The second question we wanted to answer in this study was whether standardized glucose injections would mask the blunted PDH flux previously observed in T2DM rats. We found that fasting/glucose loading did not change the low bicarbonate to pyruvate ratio observed in T2DM rat hearts and that this ratio was significantly lower than in control rats regardless of metabolic state. As an interesting side note we found that hyperpolarized [1‐13C] pyruvate injection into fed T2DM rats led to a significantly increased blood glucose concentration after around 5 min.

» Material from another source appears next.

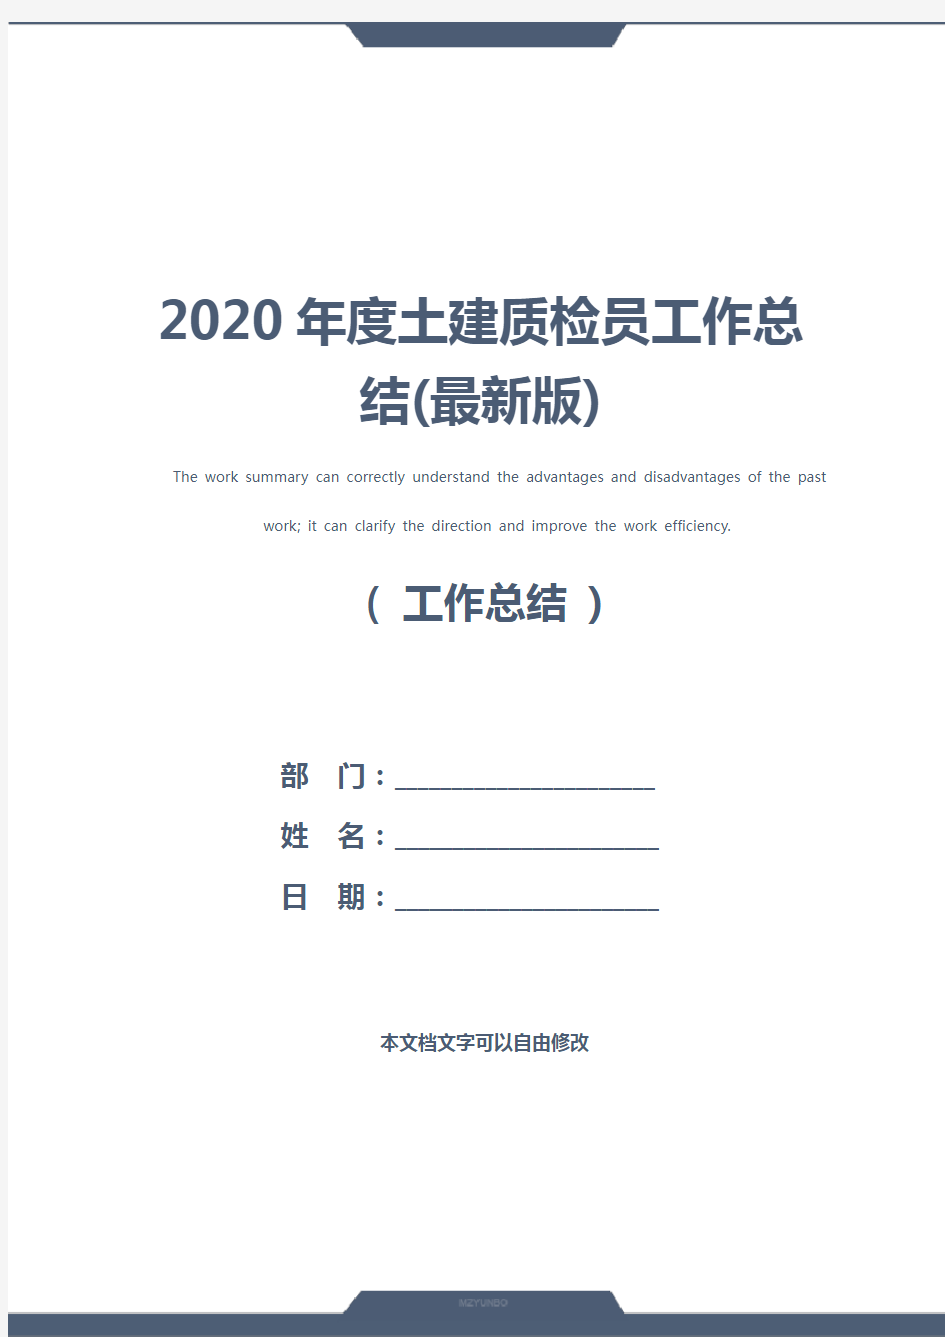 2020年度土建质检员工作总结(最新版)

This could be due to increased gluconeogenesis in the liver with pyruvate acting as a gluconeogenic precursor and subsequent export of glucose into the blood stream.40 It is also interesting to note that, while glucose concentrations showed a greater spread in the T2DM cohort, the myocardial bicarbonate to pyruvate ratio in these animals was tighter as compared with the control rats, suggesting that maximum achievable PDH flux in the heart is independent of blood glucose levels.

Overall our work suggests that preclinical cardiac hyperpolarized magnetic resonance studies could be performed either in the fed state or after a standardized glucose infusion following and overnight fast. Since PDH flux depends on the physiological state, the availability of substrates and the degree of insulin sensitivity, which may vary in patients with disease, clinical measurements of PDH flux with hyperpolarized [1‐13C] pyruvate are expected to be highly variable. Metabolic standardization for hyperpolarized studies in man is currently attempted with an oral glucose load after an overnight fast.10, 11 Moving from the fasted to the fed state after a fixed glucose load is thought to maximize physiological PDH flux from a standardized (fasted) minimum baseline, thus minimizing variability, although we did not find evidence for this in rats in this study. Centres planning to start new clinical trials with cardiac hyperpolarized magnetic resonance in man may therefore find it beneficial to run small proof‐of‐concept trials to determine whether metabolic standardizations by oral or intravenous glucose load are truly beneficial compared with scanning patients, both with and without diabetes, in the fed state.

Limitations

The main limitation of our study is the use of intravenous glucose loading instead of oral glucose loading as performed in clinical DNP studies.10, 11 Intravenous glucose loading increases blood glucose levels faster and bypasses the incretin response from the GI tract, which modulates insulin secretion.41, 42 In patients with diabetes, the incretin response from the GI tract is lower,43 which could potentially lead to different effects on hyperpolarized [1‐13C] pyruvate metabolism in the heart. While oral glucose loading is desirable in rats, it may be impractical due to animal welfare concerns, especially in longitudinal studies.

CONCLUSION

In conclusion, we found that making hyperpolarized [1‐13C] pyruvate measurements of bicarbonate to pyruvate ratio in either control or T2DM rats in both the fed and fasted/glucose‐loaded states leads to substantial variability in the data with no significant differences between protocols. This variability does not, however, impact on the detection of the diabetic phenotype. While variability did not change between the two different preparations (fed or fasted/glucose loaded), the group means for bicarbonate to pyruvate ratio were slightly altered (albeit not statistically significant), which further strengthens the argument that clear study protocols have to be followed in order to minimize variability and maximize effect sizes between control and disease groups.